Data section.

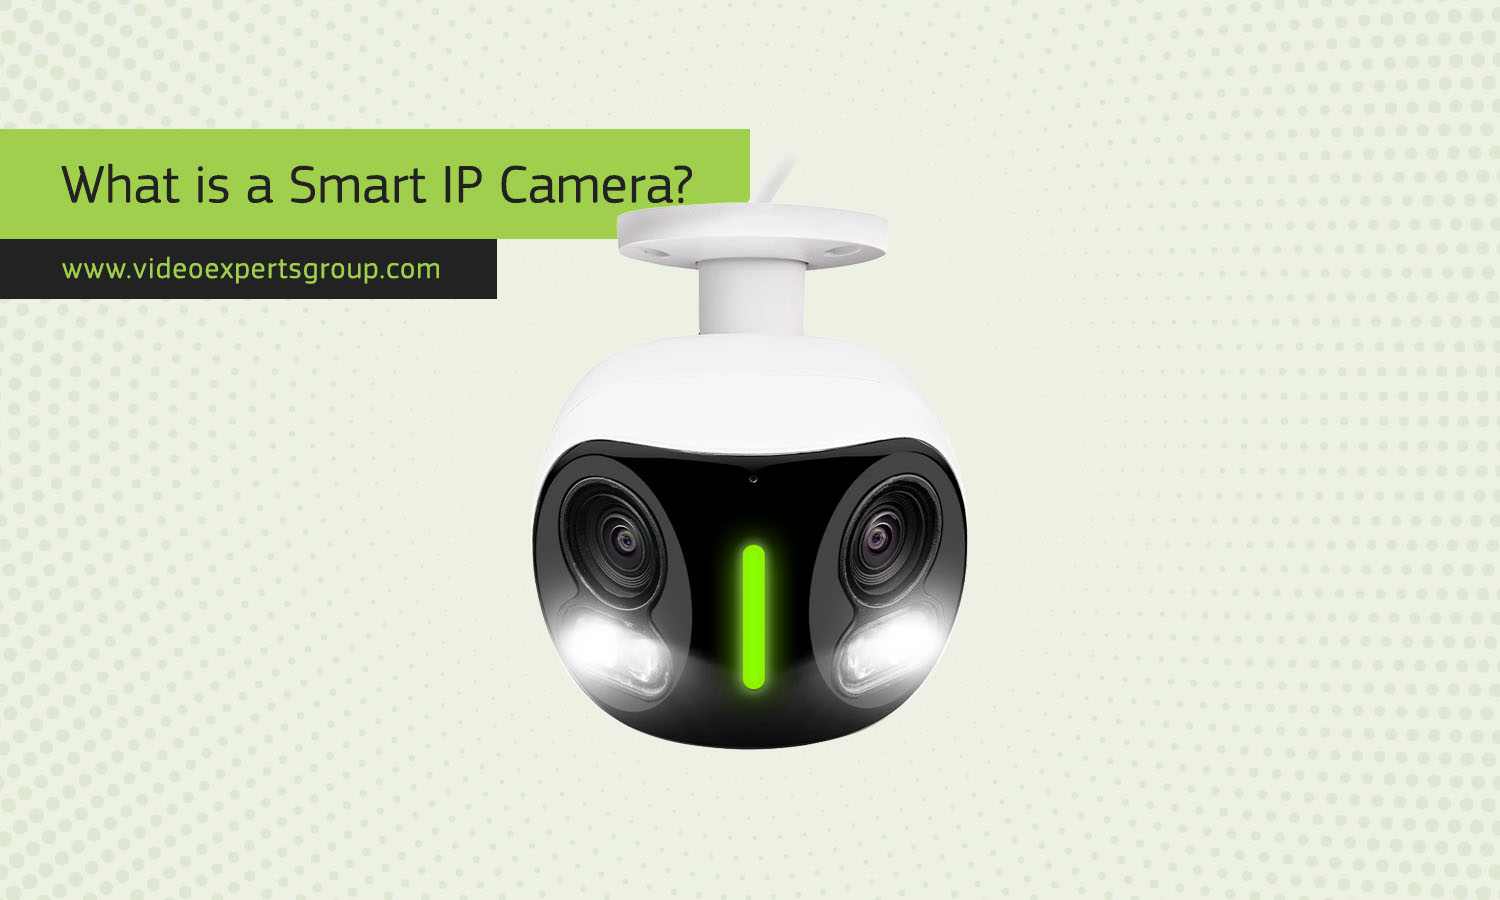 What is a Smart IP Camera?
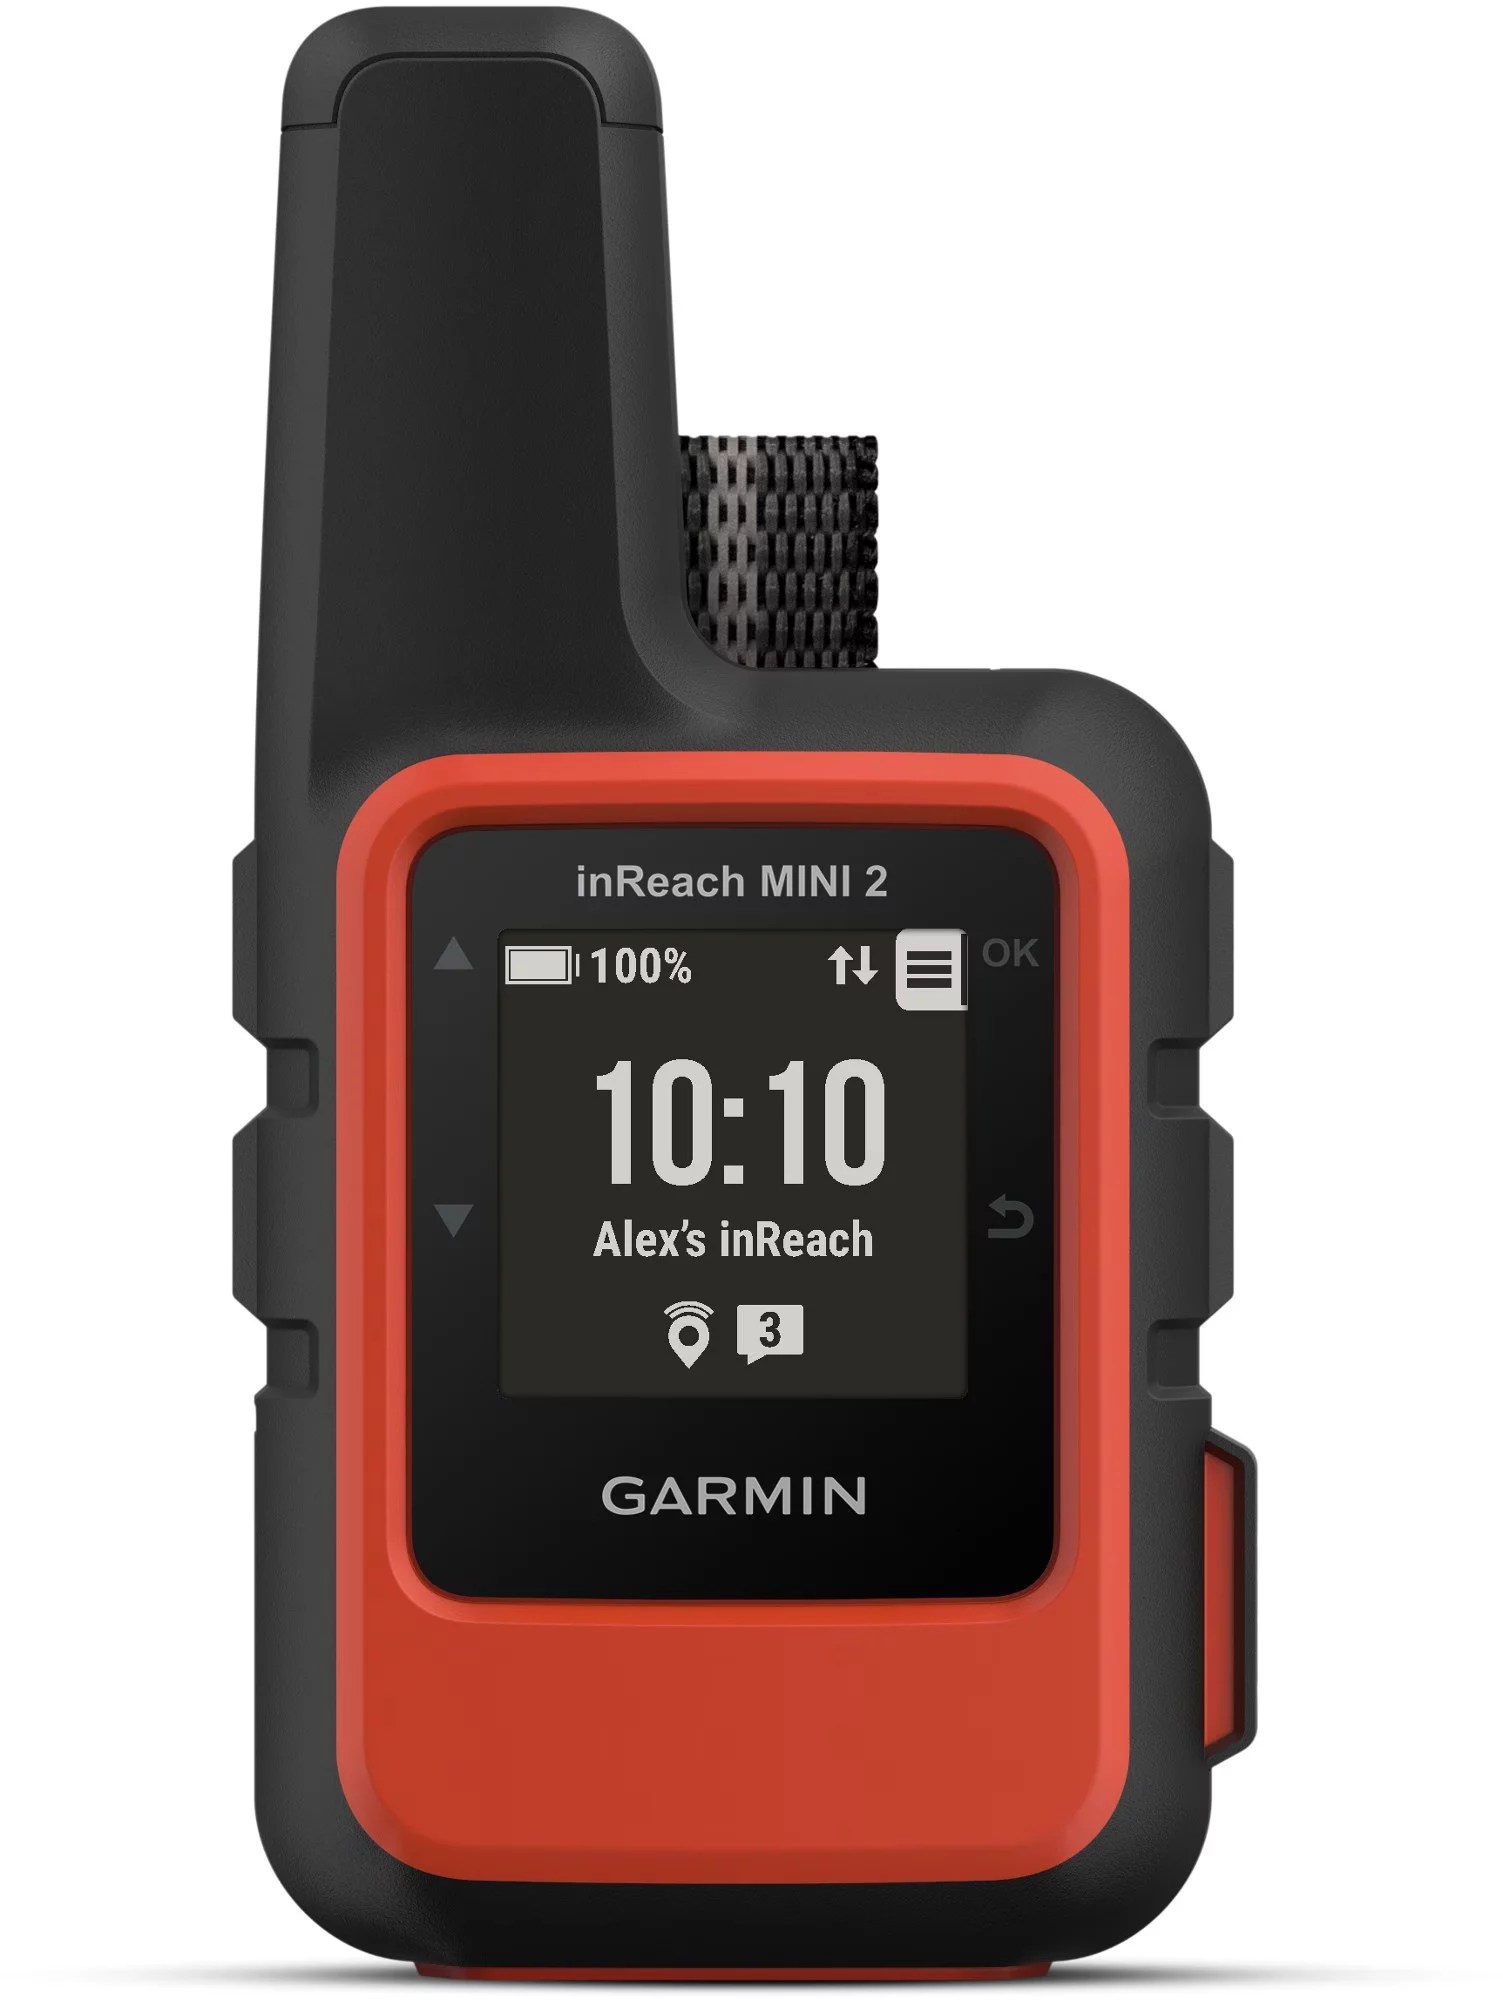 garmin mini inreach satellite, one of the best things you can buy from REI
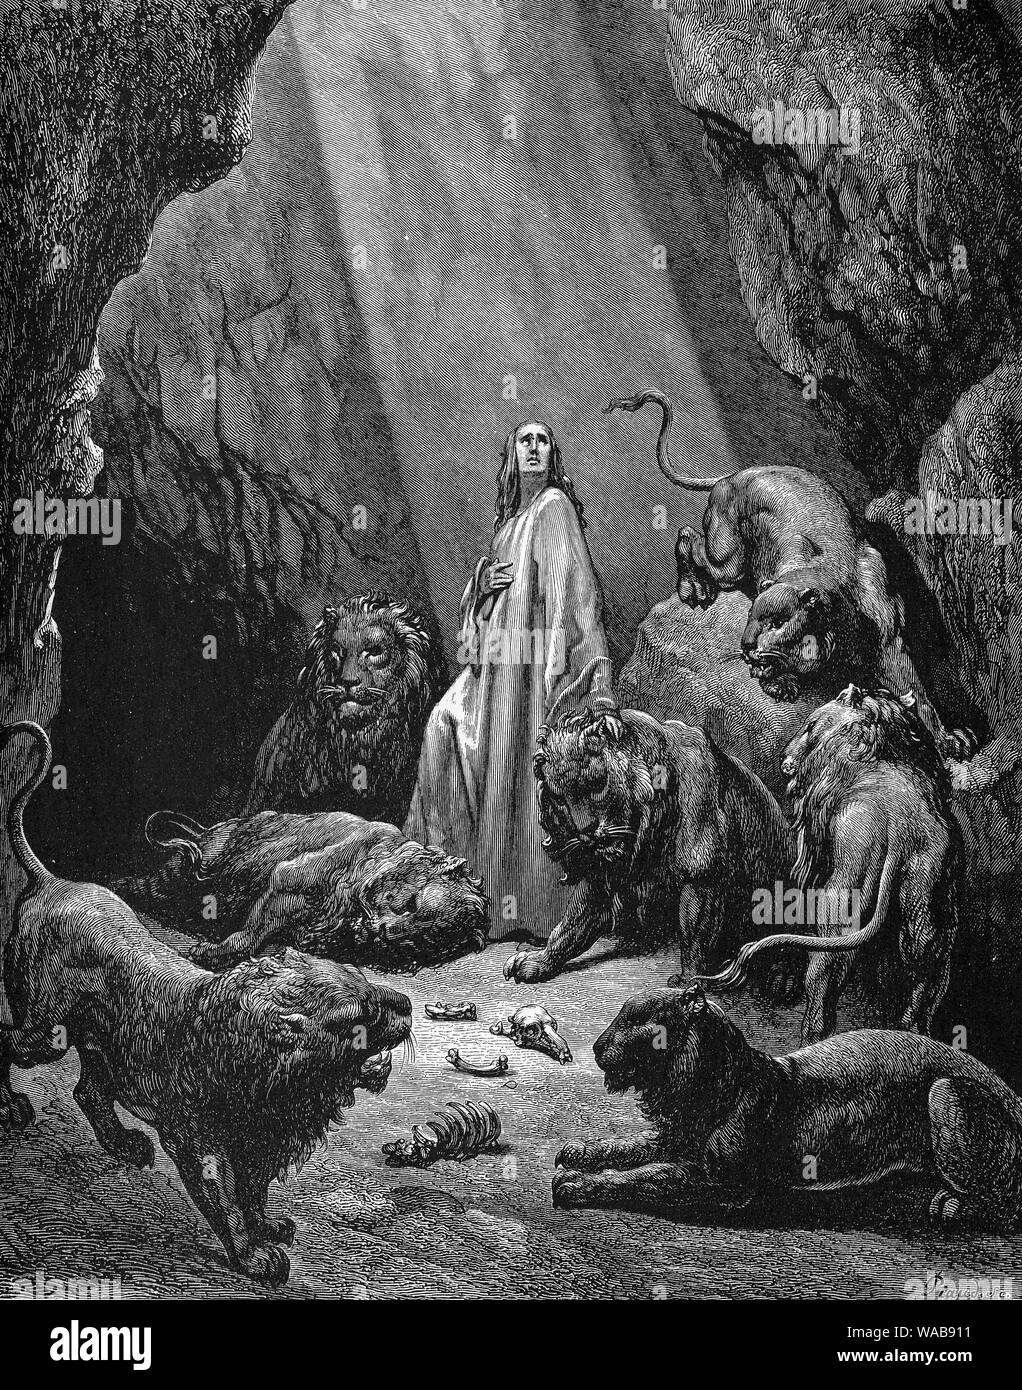 Gustave Doré, Daniel in the Lions' Den, engraving, 1866 Stock Photo

Exercise instructions. No pictures go in the copy. Set down all the data exactly.

Exercise answer.
 What is a Smart IP Camera?
 garmin mini inreach satellite, one of the best things you can buy from REI
 Gustave Doré, Daniel in the Lions' Den, engraving, 1866 Stock Photo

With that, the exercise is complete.